### TASK DIRECTIONS
Skip the pictures. Give all the data again exactly.

### GIVEN DATA
########
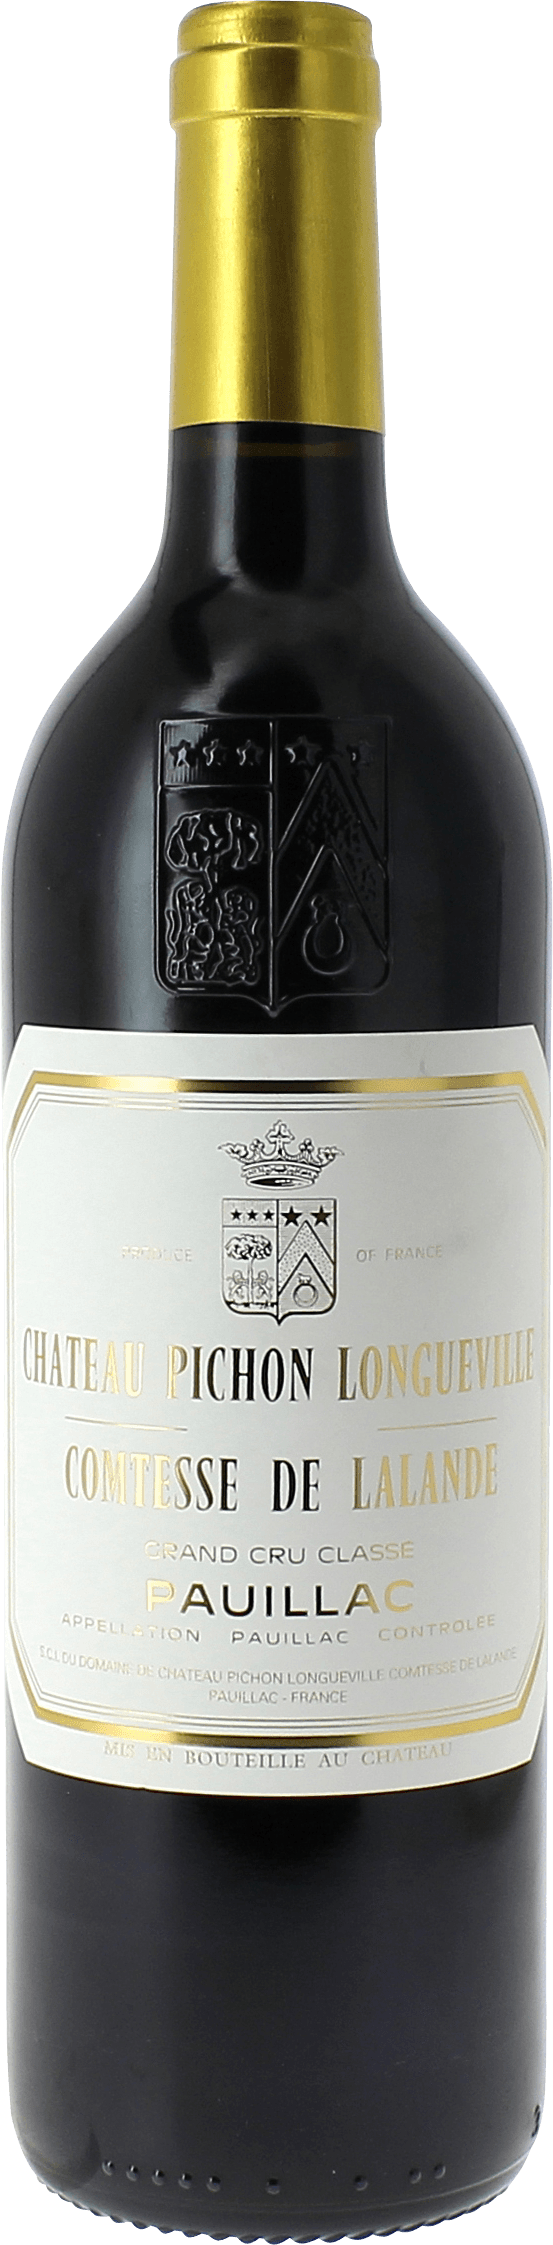 Pichon comtesse de lalande 2018 2me Grand cru class Pauillac, Bordeaux rouge
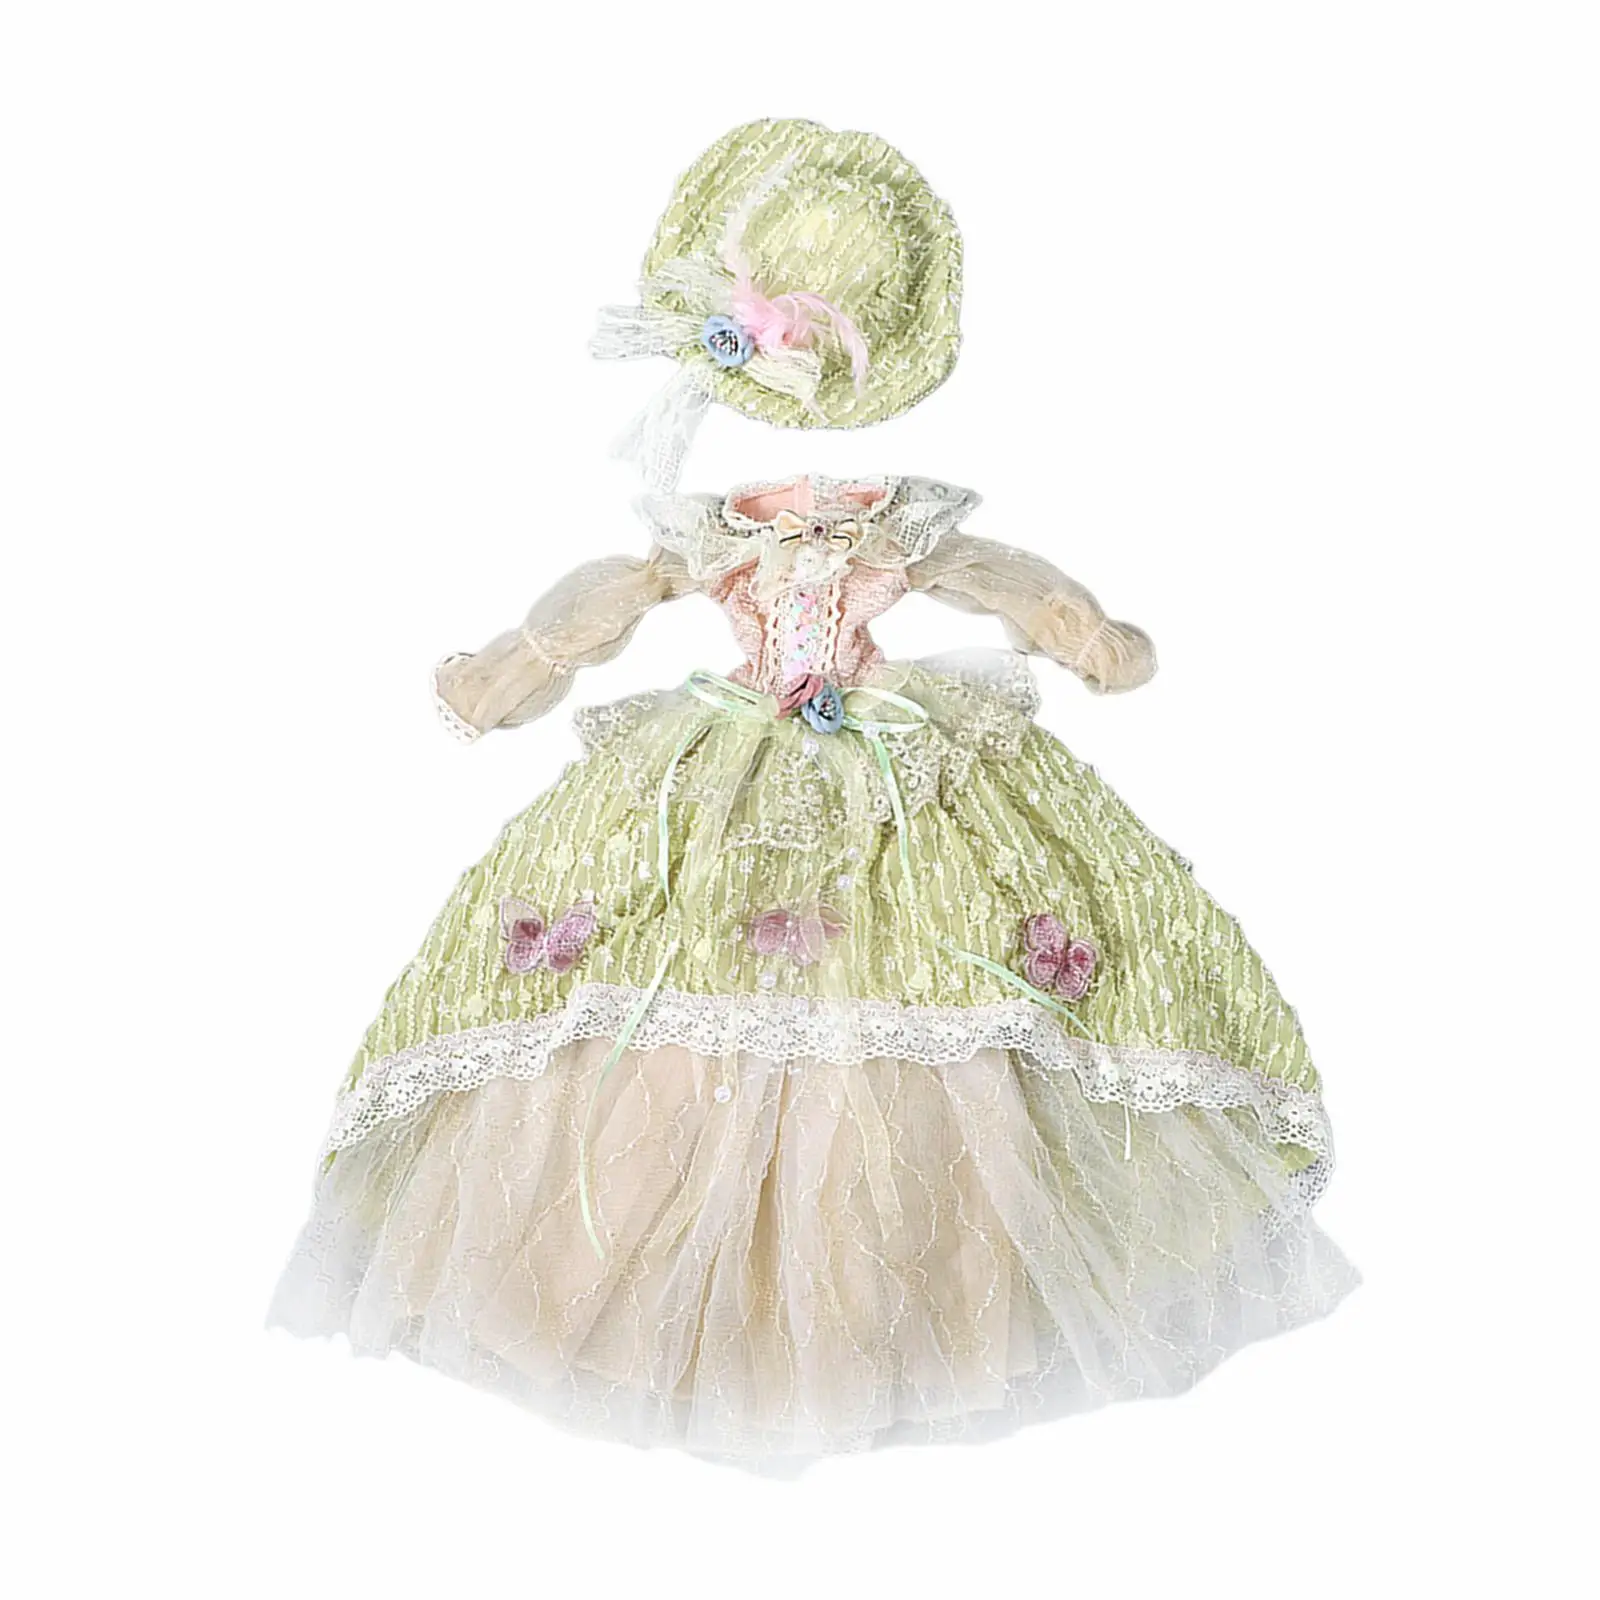 Платье для 1/3 куклы BJD Кукольная одежда Наряды Вечернее платье Изысканные детали Имитационная кукольная одежда 24-дюймовое платье для куклы в стиле ретро
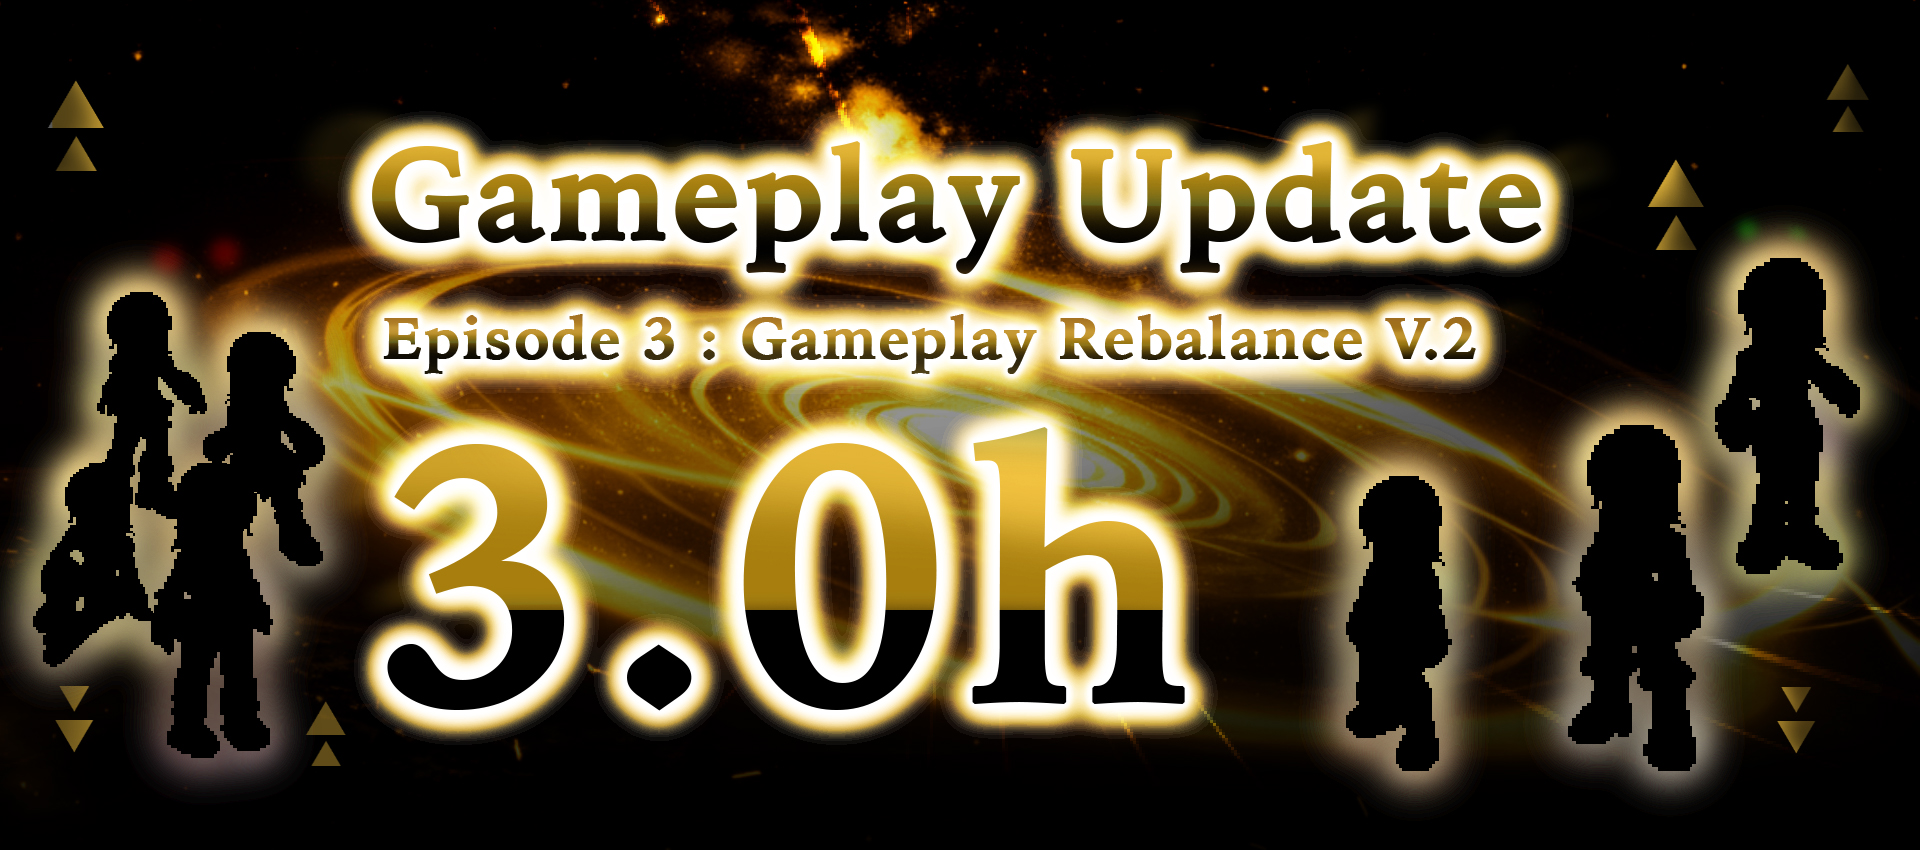 Gameplay Update 3.0h : Gameplay Rebalance V.2
########
### TASK OUTPUT
 Pichon comtesse de lalande 2018 2me Grand cru class Pauillac, Bordeaux rouge
 Платье для 1/3 куклы BJD Кукольная одежда Наряды Вечернее платье Изысканные детали Имитационная кукольная одежда 24-дюймовое платье для куклы в стиле ретро
 Gameplay Update 3.0h : Gameplay Rebalance V.2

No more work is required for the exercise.